The GPU Accelerator is the most important component in a Data Science Workstation as it is the main driver for rapid processing and accuracy in your model development and training. We recommend enterprise-grade NVIDIA Quadro GPU accelerators, as unlike consumer graphics cards, as they are designed and built for sustained use and so provide maximum reliability. The latest Turing-architecture Quadro GPUs include Tensor cores which are specifically designed to accelerate workloads, while the NVLink bus allows the VRAM on multiple GPUs to appear as a single ultra-fast memory pool to your applications.
The following table highlights the key specifications of the three Quadros GPU we recommend in our Data Science Workstations.
|NVIDIA Quadro RTX 6000||NVIDIA Quadro RTX 8000||NVIDIA Quadro GV100|
|Memory||24GB GDDR6||48GB GDDR6||32GB HBM2|
We recommend and pre-install the Ubuntu 18.04 operating system plus a custom software stack built on NVIDIA CUDA-X that includes over 15 GPU-optimised libraries. Other operating systems are available on request.

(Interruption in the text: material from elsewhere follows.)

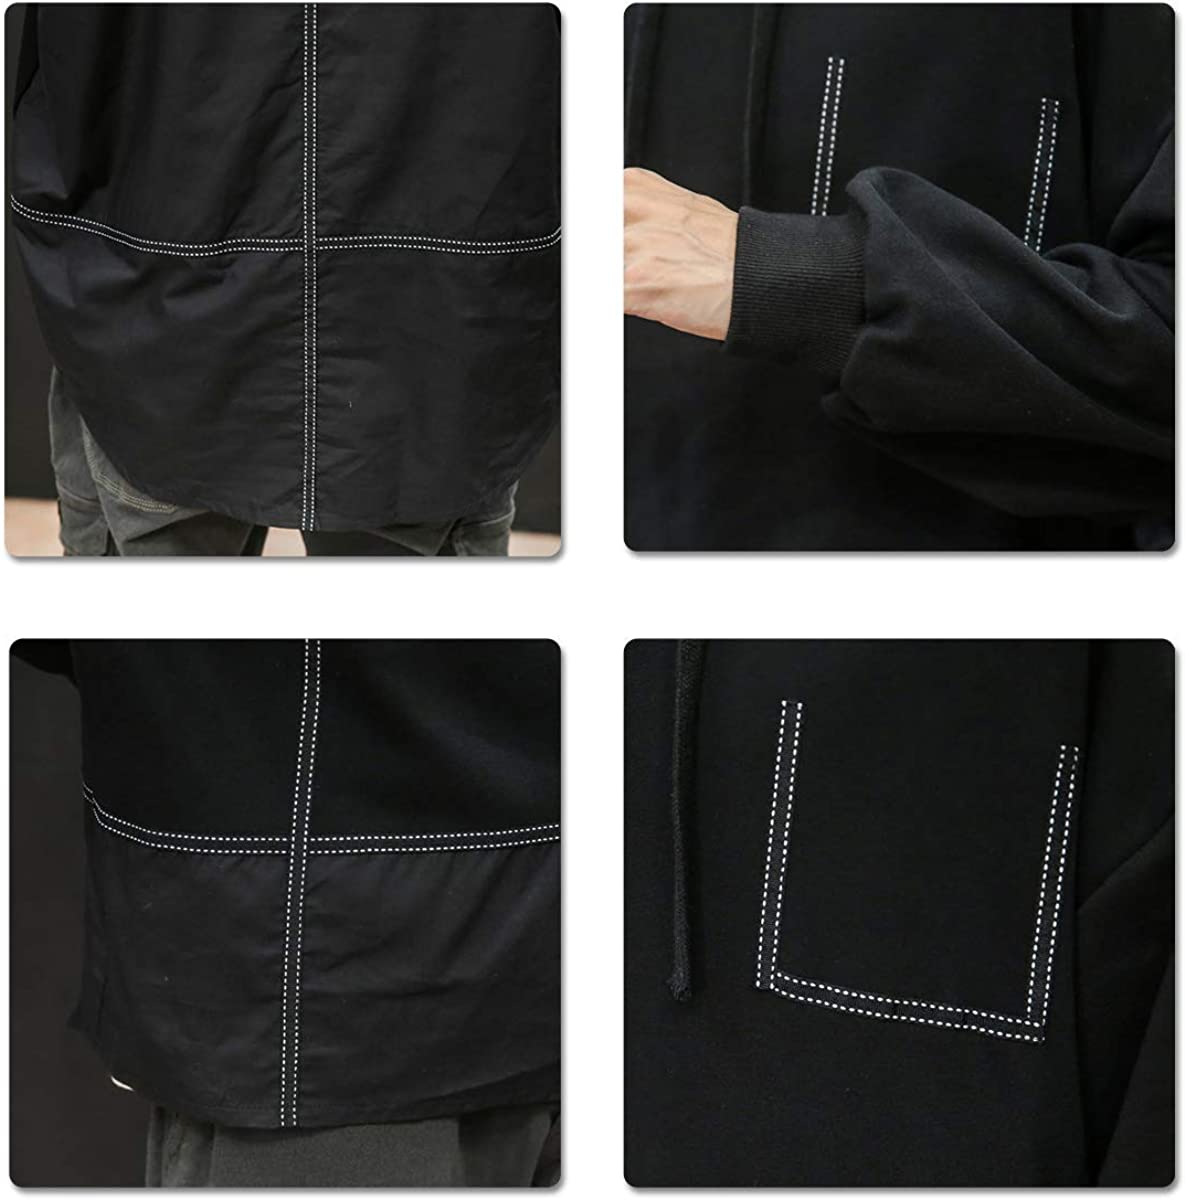 メンズ パーカー 長袖 綿 フード付き ゆったり シンプル 大きいサイズ お洒落 カジュアル 紐調整 黒

The host processor or CPU plays an important role in a Data Science Workstation in the data prep stage. We recommend enterprise-grade Intel Xeon processors in our systems as they support ECC Registered memory for maximum reliability. Our single-GPU workstations include a single Xeon-W CPU, which are available with up to 18 cores / 36 threads. Our dual-GPU workstations are powered by a pair of Xeon Scalable processors with a total of up to 48 cores / 96 threads.
While having sufficient VRAM on the GPU accelerator is critically important, system performance will be crippled without adequate optimised system memory. As already mentioned our Data Science Workstations feature ECC Registered memory. ECC stands for Error Correcting Code, and means that the memory can detect and fix data corruption on the fly. We recommend 128GB of quad-channel RAM in our single-GPU workstations and 192GB of six-channel RAM for our dual-GPU workstations, although both types of system can support more memory should this be required.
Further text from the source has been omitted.